- What is required -
Would you please copy only the lines from the line that contains "SAKO, Holla kirkebøker, F/Fa/L0009: Ministerialbok" to the end of the data below, exactly, leaving every picture out?

- Information supplied -

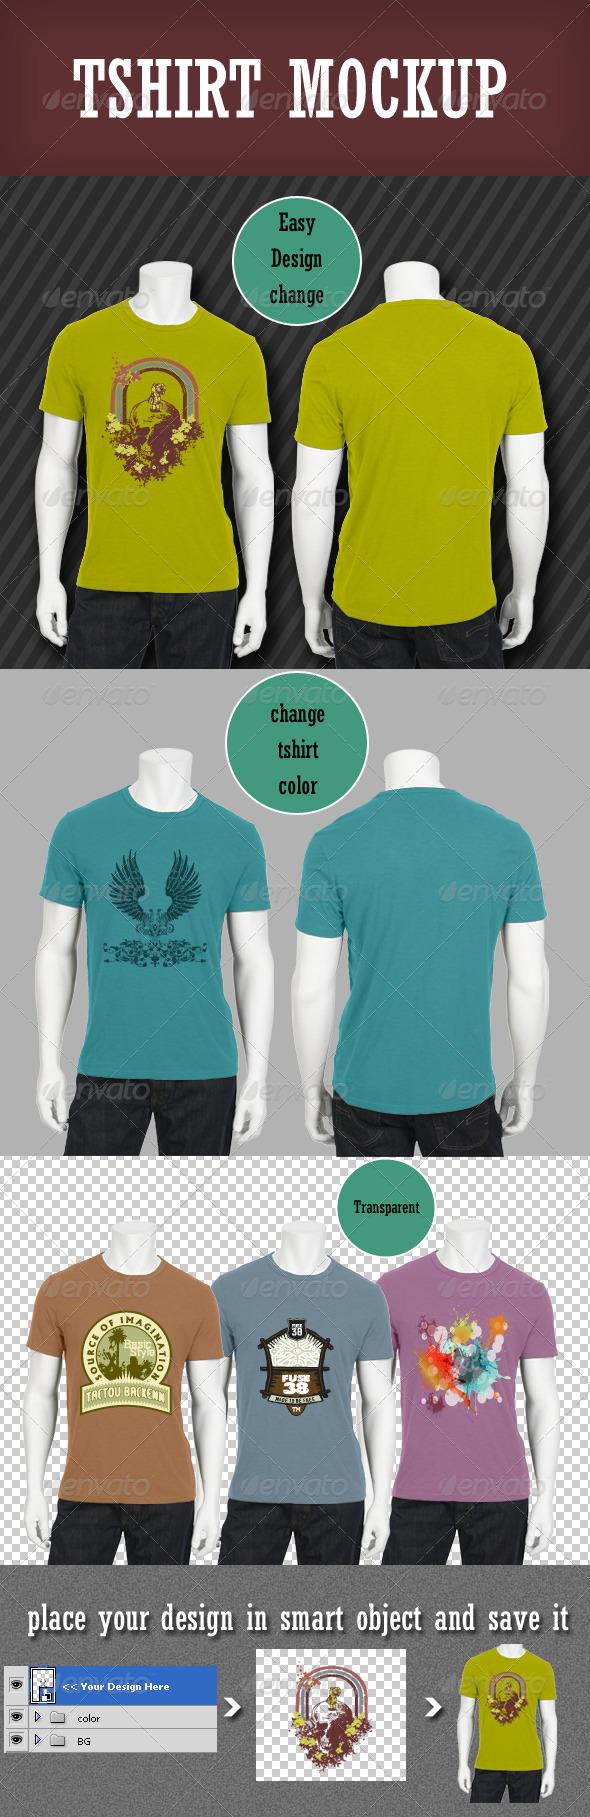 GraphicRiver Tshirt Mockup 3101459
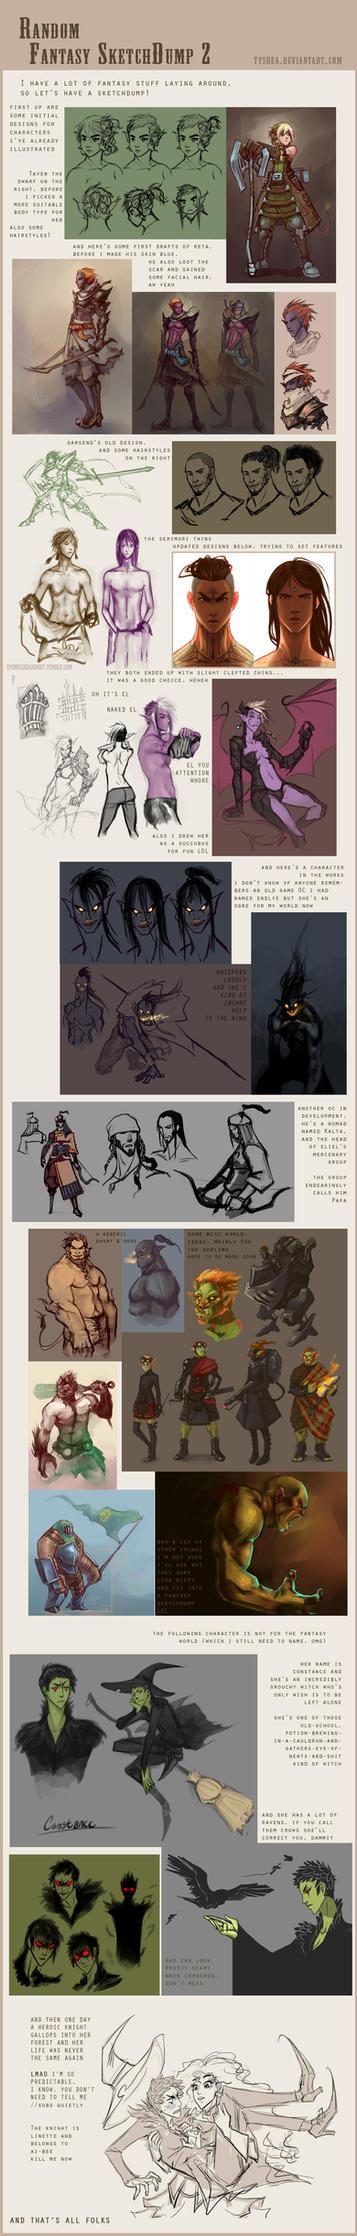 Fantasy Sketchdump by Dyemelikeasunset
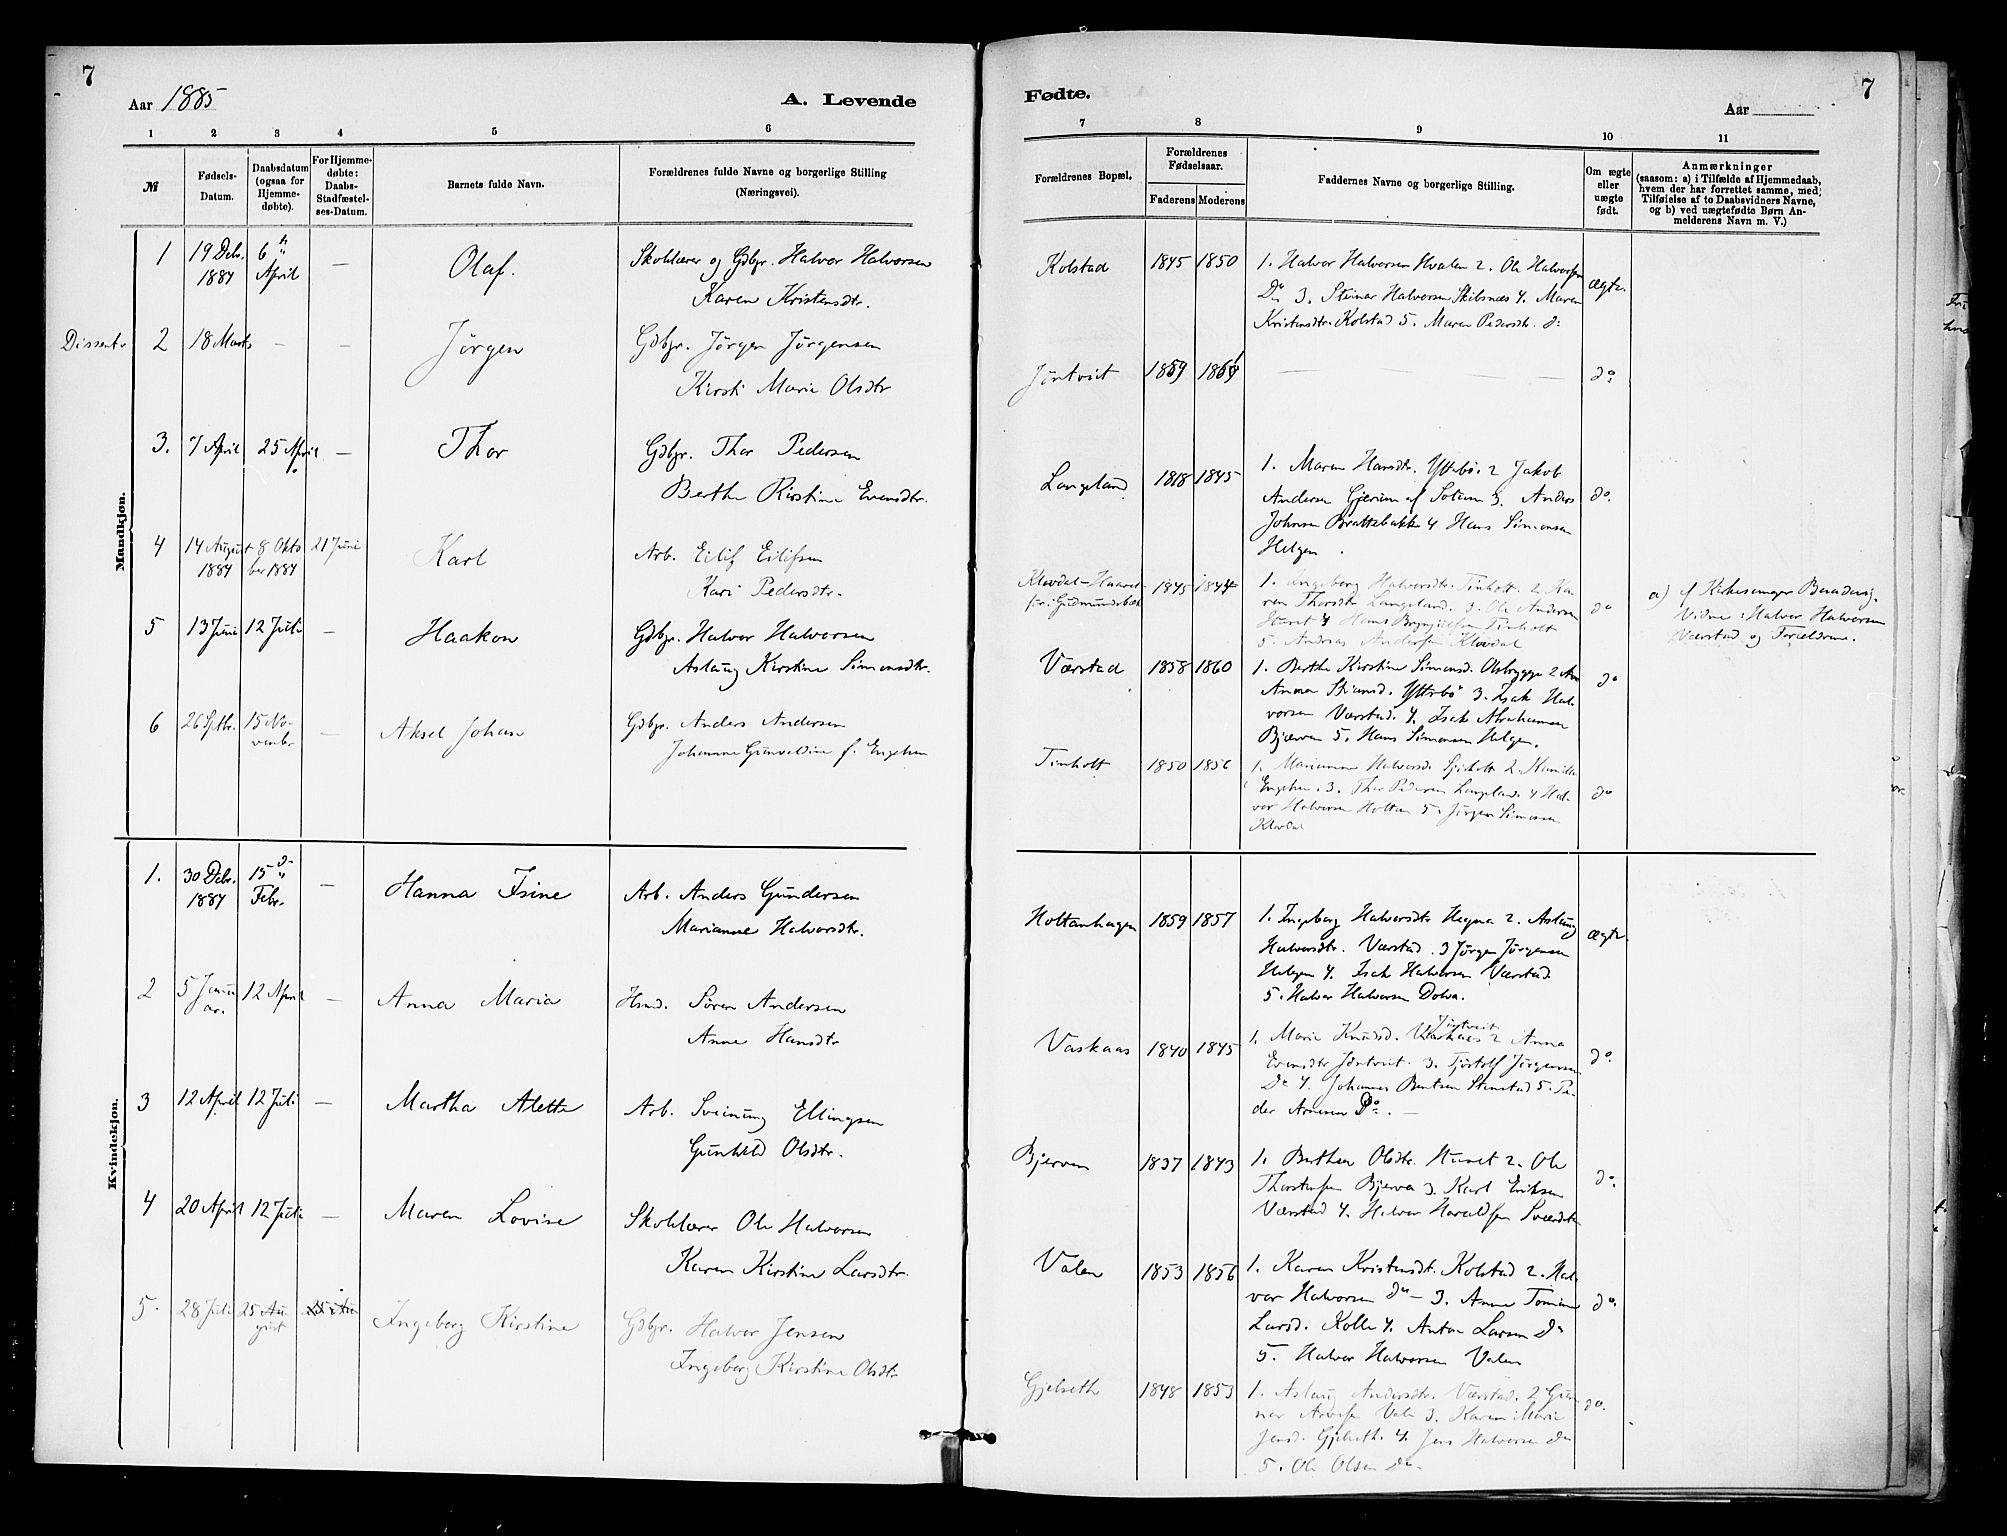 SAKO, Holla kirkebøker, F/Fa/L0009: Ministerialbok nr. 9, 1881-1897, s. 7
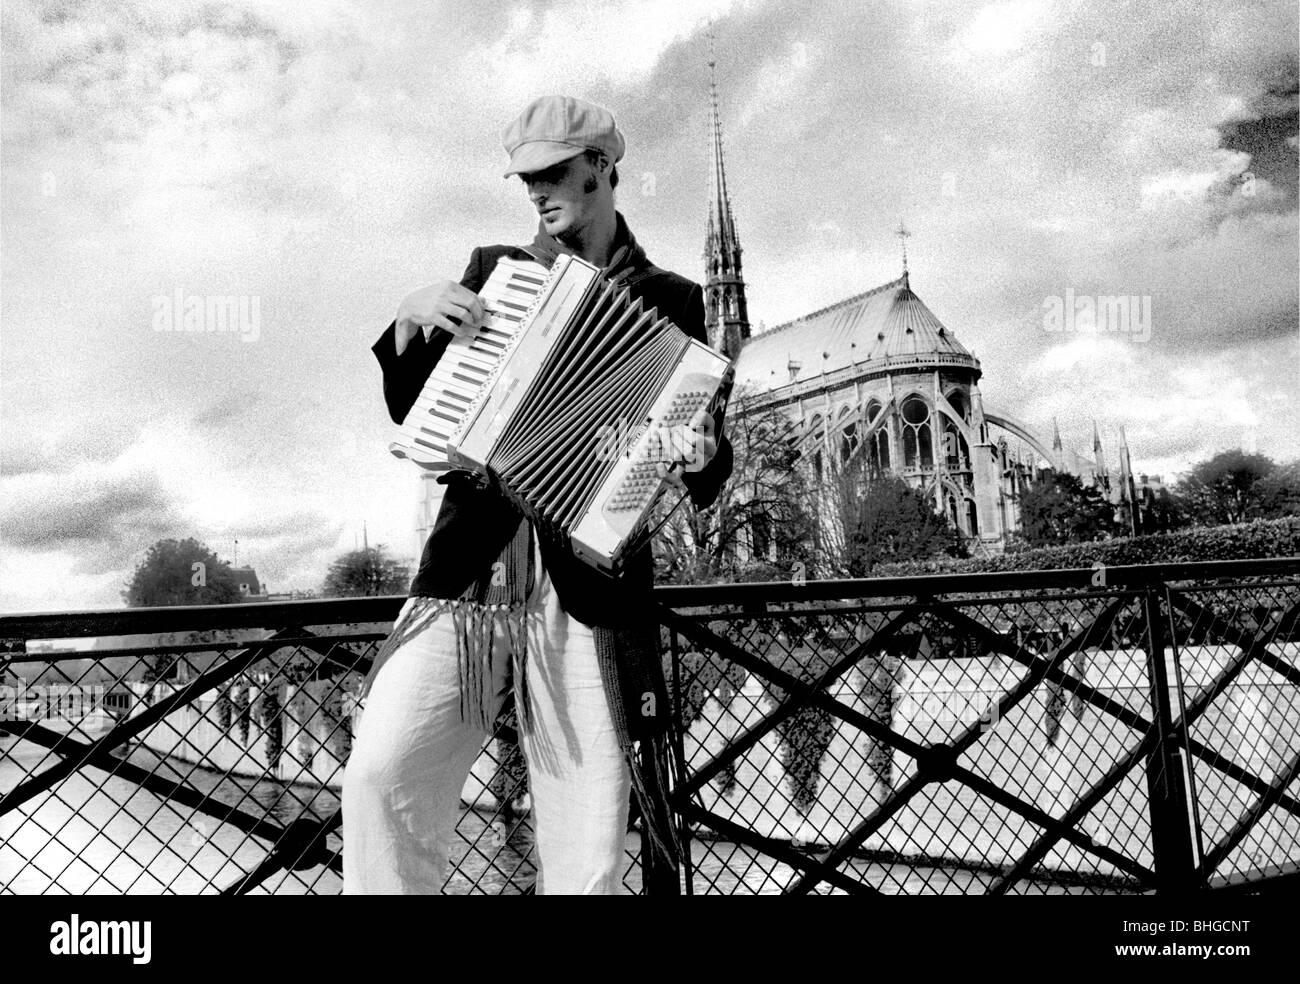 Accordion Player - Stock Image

- Exercise response -
 SAKO, Holla kirkebøker, F/Fa/L0009: Ministerialbok nr. 9, 1881-1897, s. 7
 Accordion Player - Stock Image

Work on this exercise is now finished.